TASK TO COMPLETE: Could you write out the listing below exactly as it stands, leaving out the pictures?

::: DATA EXTRACT

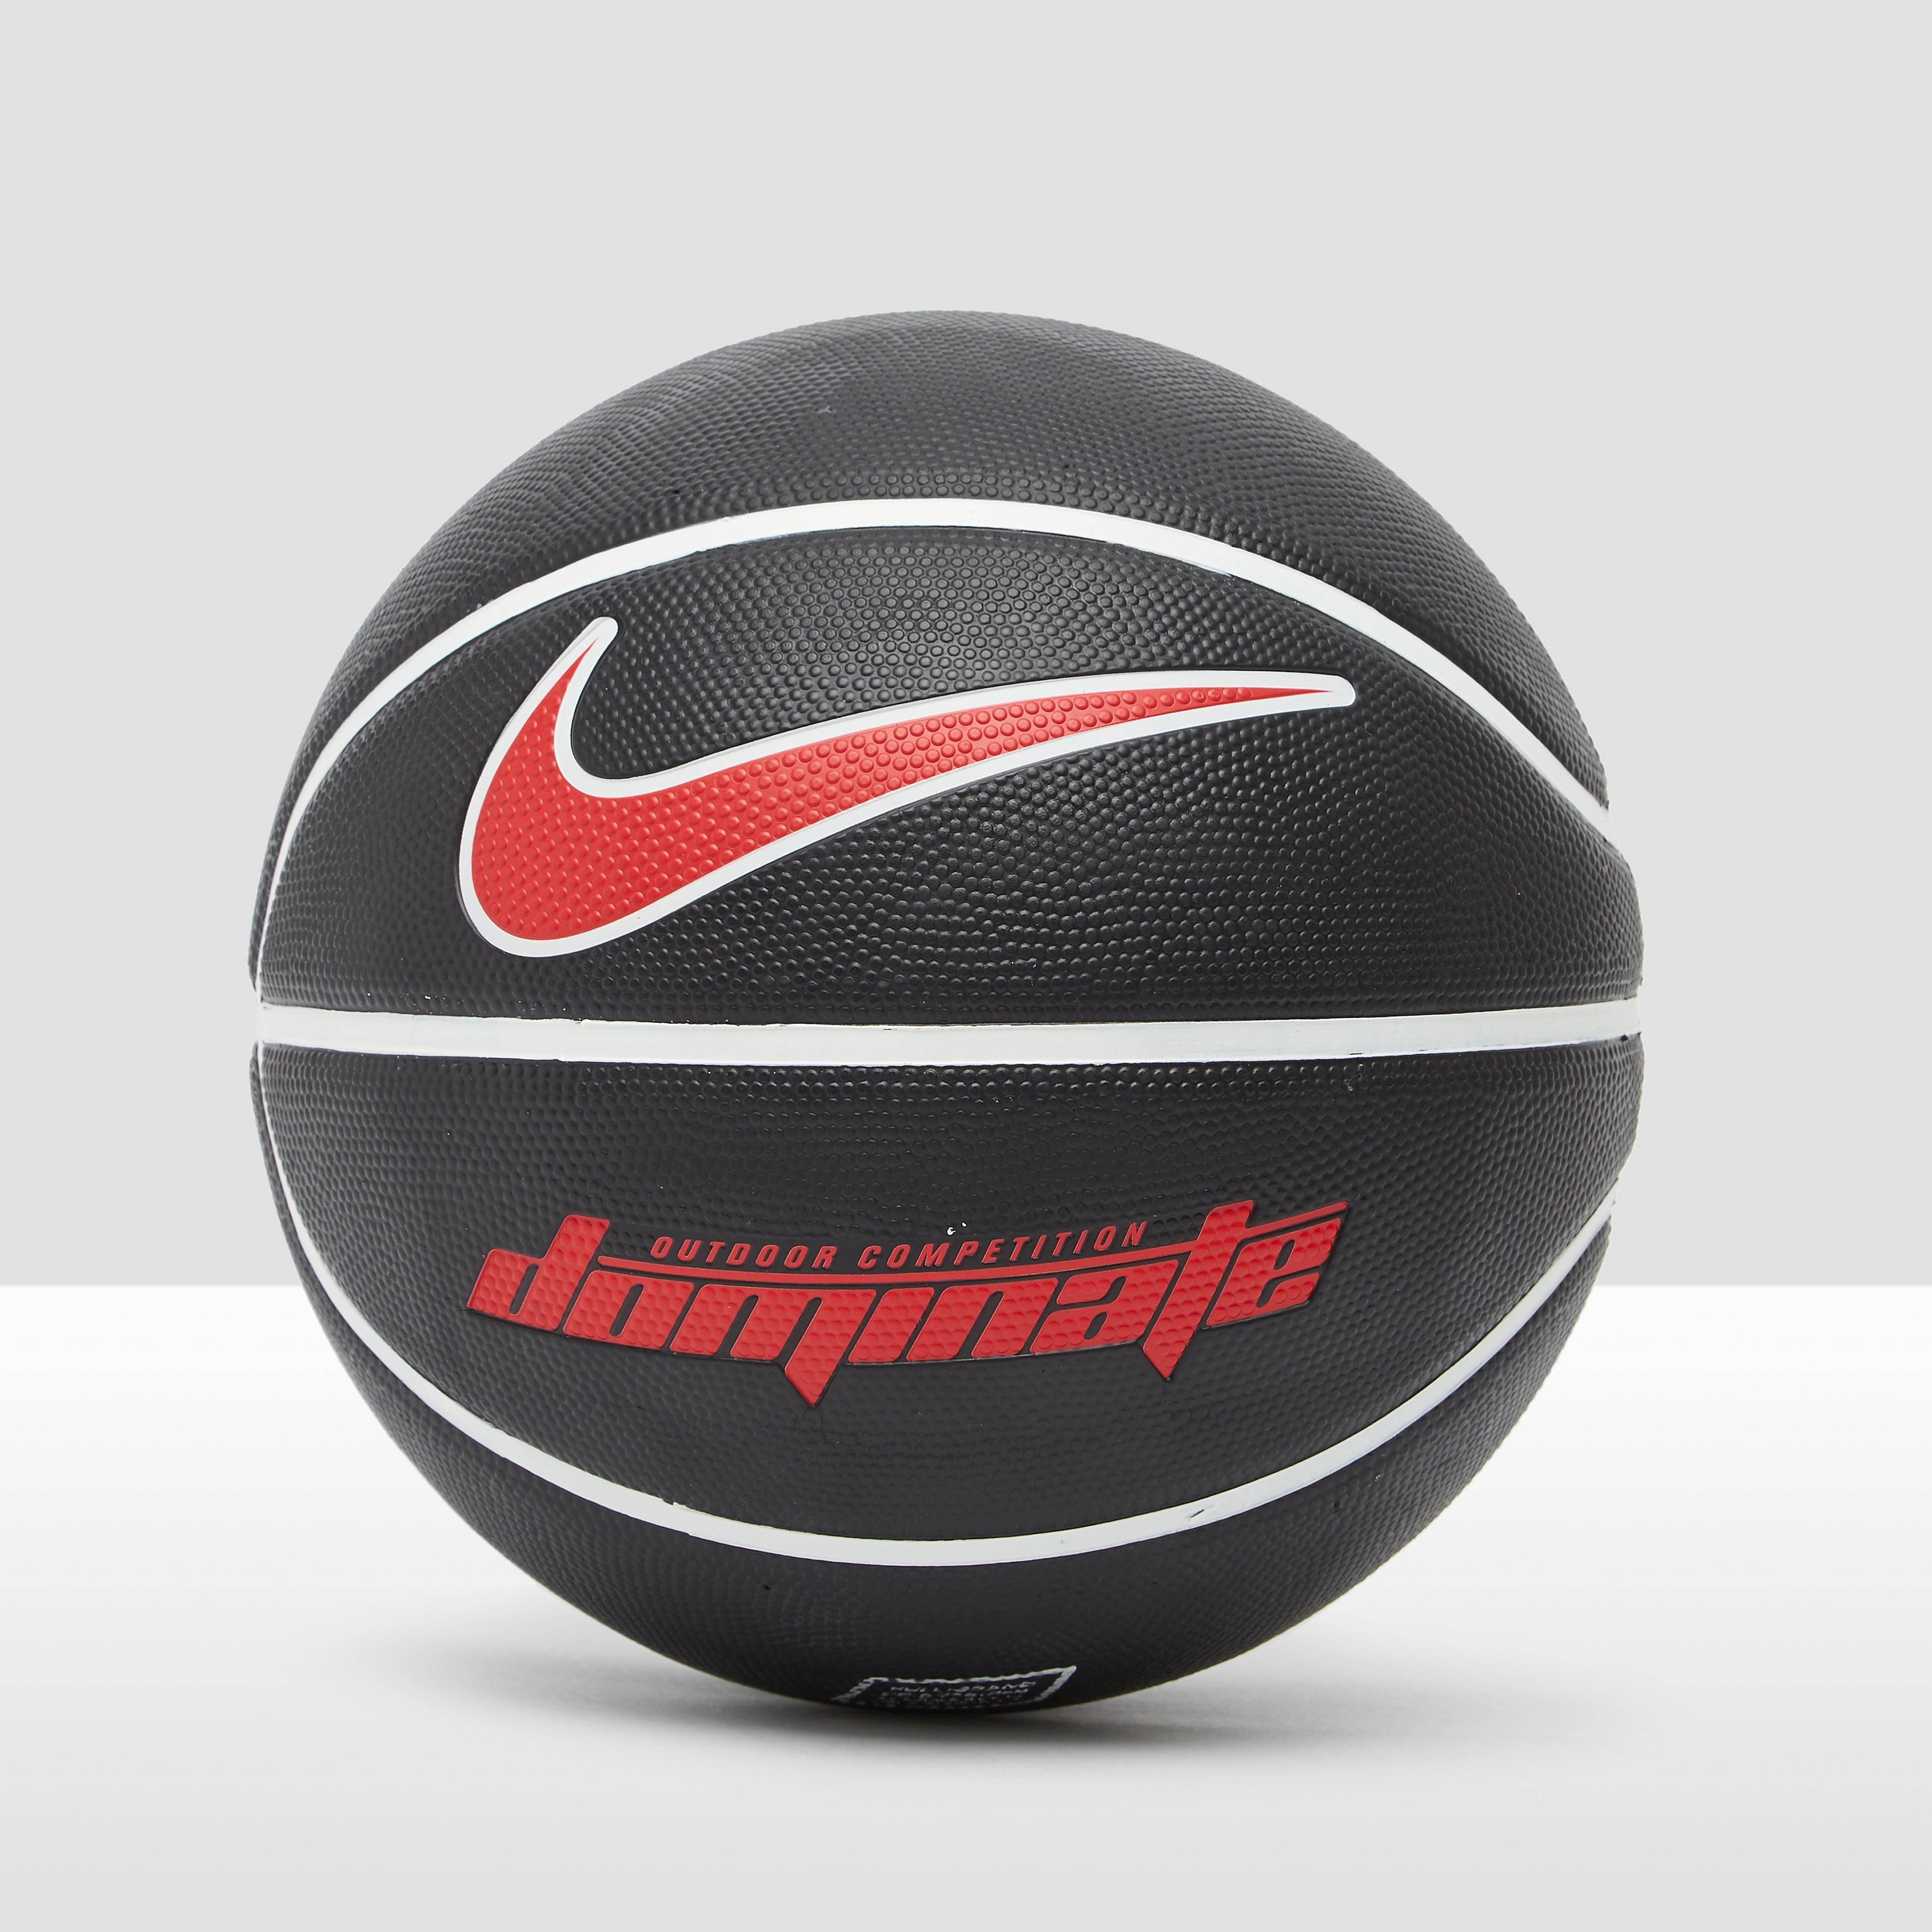 NIKE Dominate 8-panel basketbal zwart/rood Kinderen
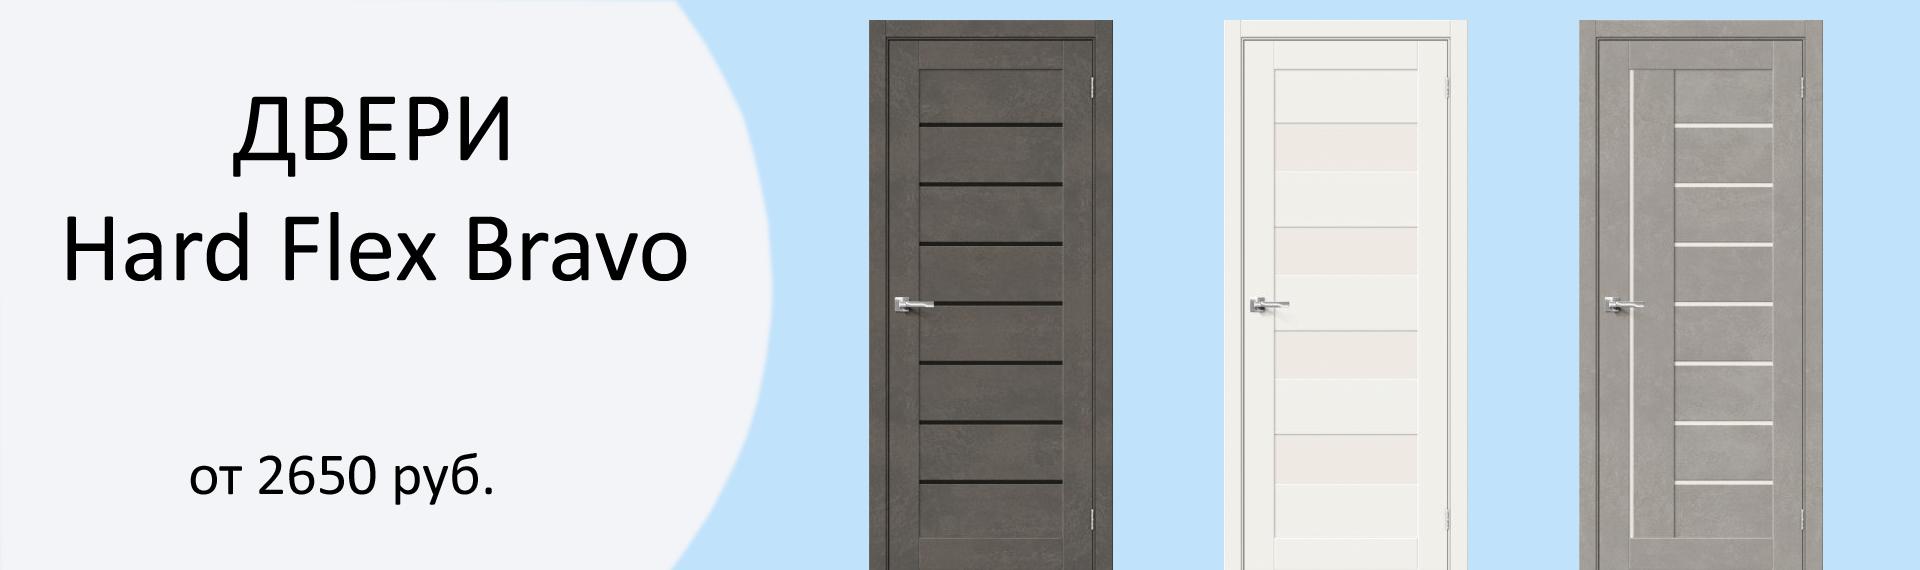 стальная дверь коломна цены
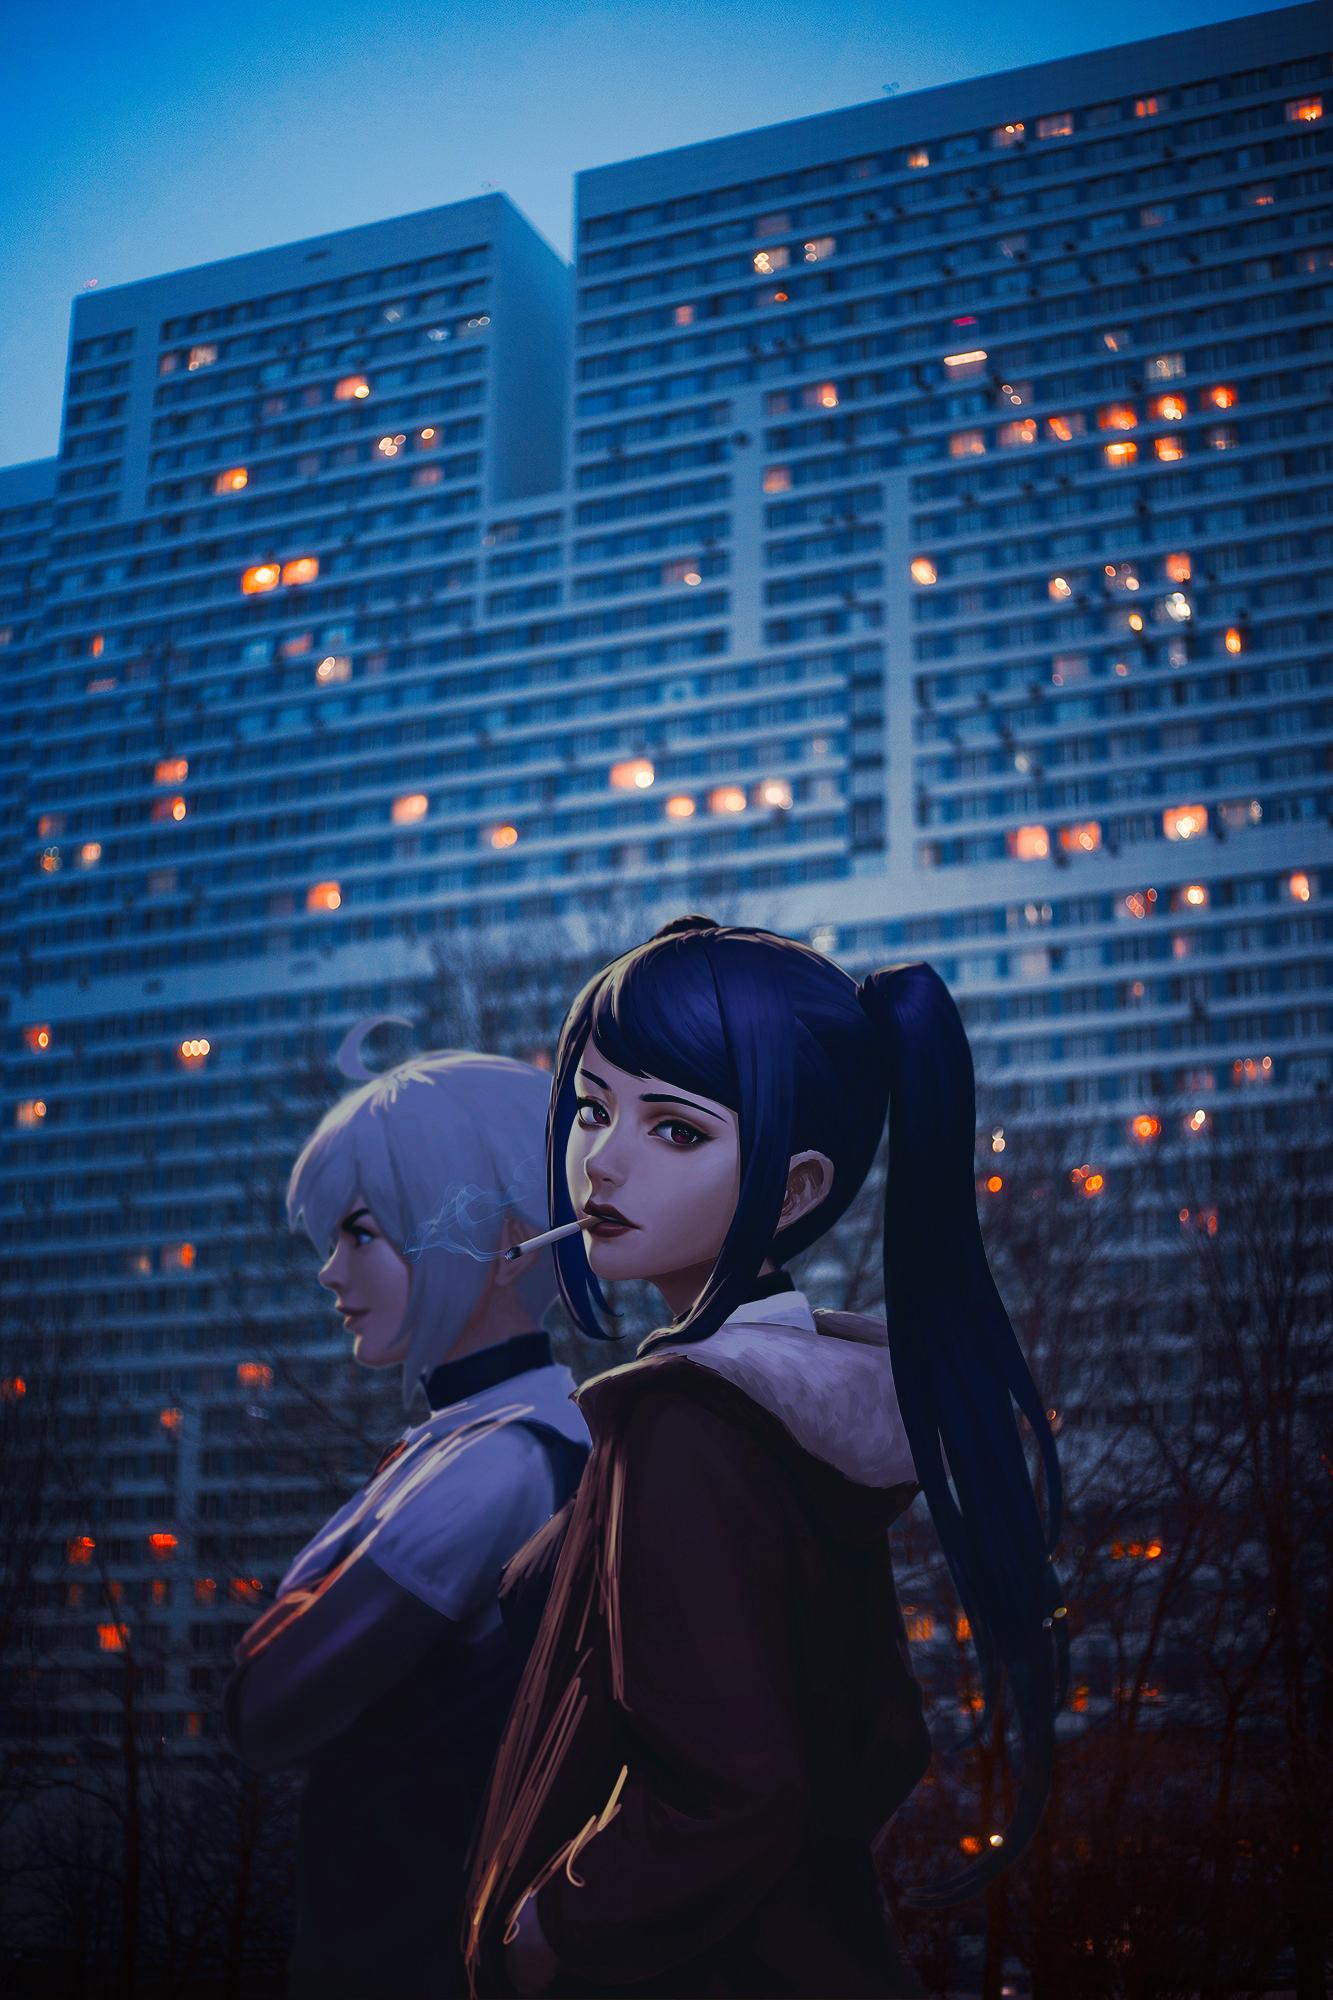 Anime 1333x2000 va-11 hall-a anime 2D Russia red eyes blue hair cigarettes hands in pockets lipstick smoking Julianne Stingray Dana Zane

::::::

REPLY TO THE EXERCISE:
 NIKE Dominate 8-panel basketbal zwart/rood Kinderen
 стальная дверь коломна цены
 Anime 1333x2000 va-11 hall-a anime 2D Russia red eyes blue hair cigarettes hands in pockets lipstick smoking Julianne Stingray Dana Zane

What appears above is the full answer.